To make this easier to explain we can repeat this analysis after stratifying by treatment.
root_growth_inh0.int <- aov(percent_inh ~ TIR1*AFB1, data = filter(root_growth_inh, treatment == 0))
summary(root_growth_inh0.int)
## Df Sum Sq Mean Sq F value Pr(>F)
## TIR1 1 43 42.5 0.26 0.611331
## AFB1 1 2030 2030.3 12.40 0.000598 ***
## TIR1:AFB1 1 1700 1700.0 10.38 0.001619 **
## Residuals 127 20800 163.8
## ---
## Signif. codes: 0 '***' 0.001 '**' 0.01 '*' 0.05 '.' 0.1 ' ' 1
This matches expectations mostly, I would have expected AFB1 to have less effect, but in this model the double mutant is also contributing to this effect size. The interaction here is still a strong effect. 100 nM should be more telling even.

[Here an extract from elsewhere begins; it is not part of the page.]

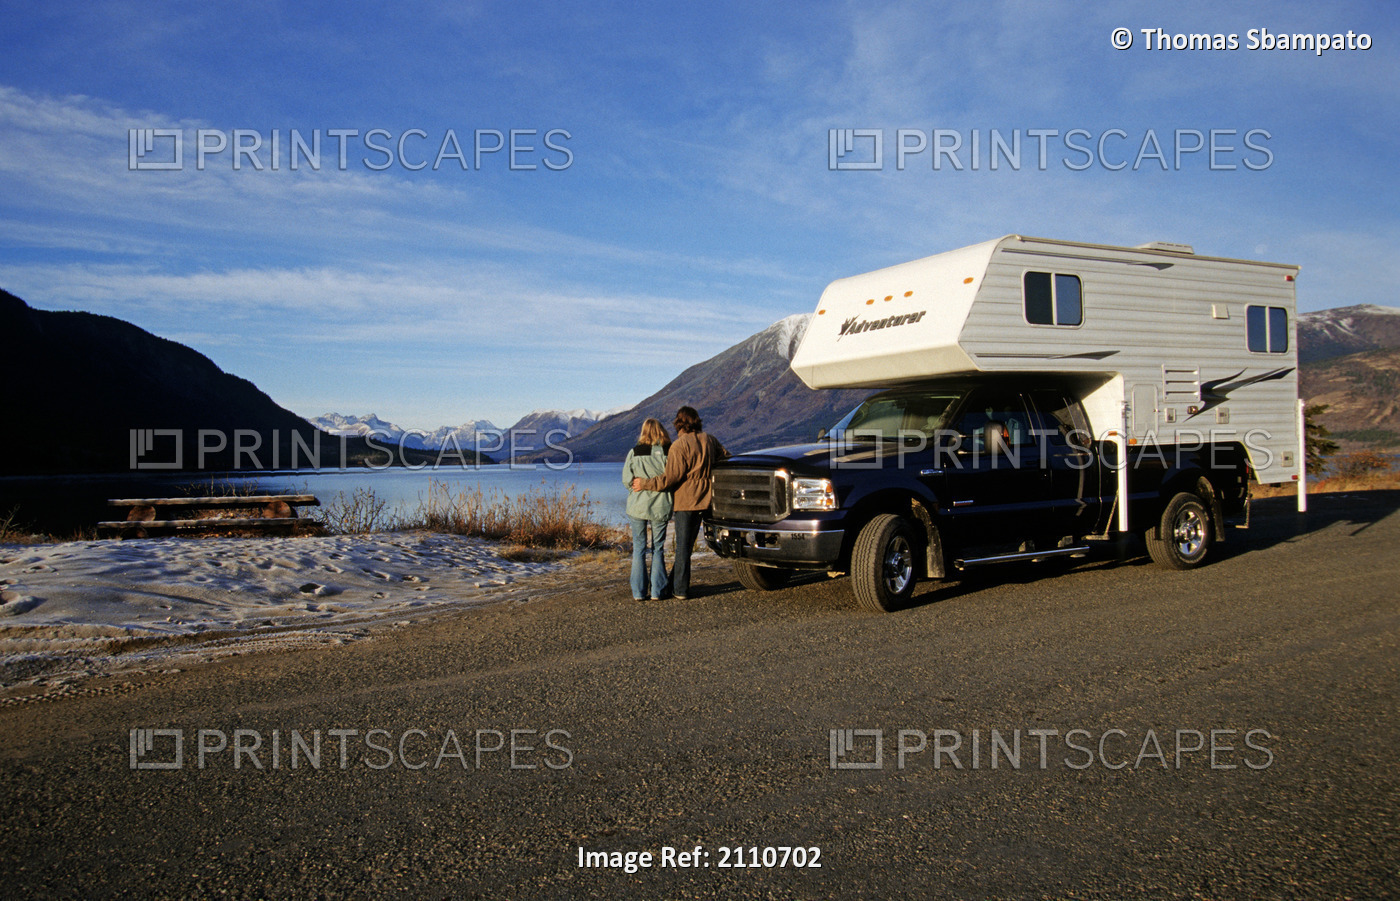 Couple Stopped Along The Alaska Highway In Canada To Enjoy The View

root_growth_inh100.int <- aov(percent_inh ~ TIR1*AFB1, data = filter(root_growth_inh, treatment == 100))
summary(root_growth_inh100.int)
## Df Sum Sq Mean Sq F value Pr(>F)
## TIR1 1 9623 9623 85.129 9.93e-16 ***
## AFB1 1 84 84 0.746 0.38945
## TIR1:AFB1 1 1407 1407 12.445 0.00059 ***
## Residuals 123 13903 113
## ---
## Signif. codes: 0 '***' 0.001 '**' 0.01 '*' 0.05 '.' 0.1 ' ' 1
Very interesting, TIR1 has a very strong effect as expected at this high auxin concentration, whereas AFB1 does not, but the interaction term is significant at both 0 nM and 100 nM IAA.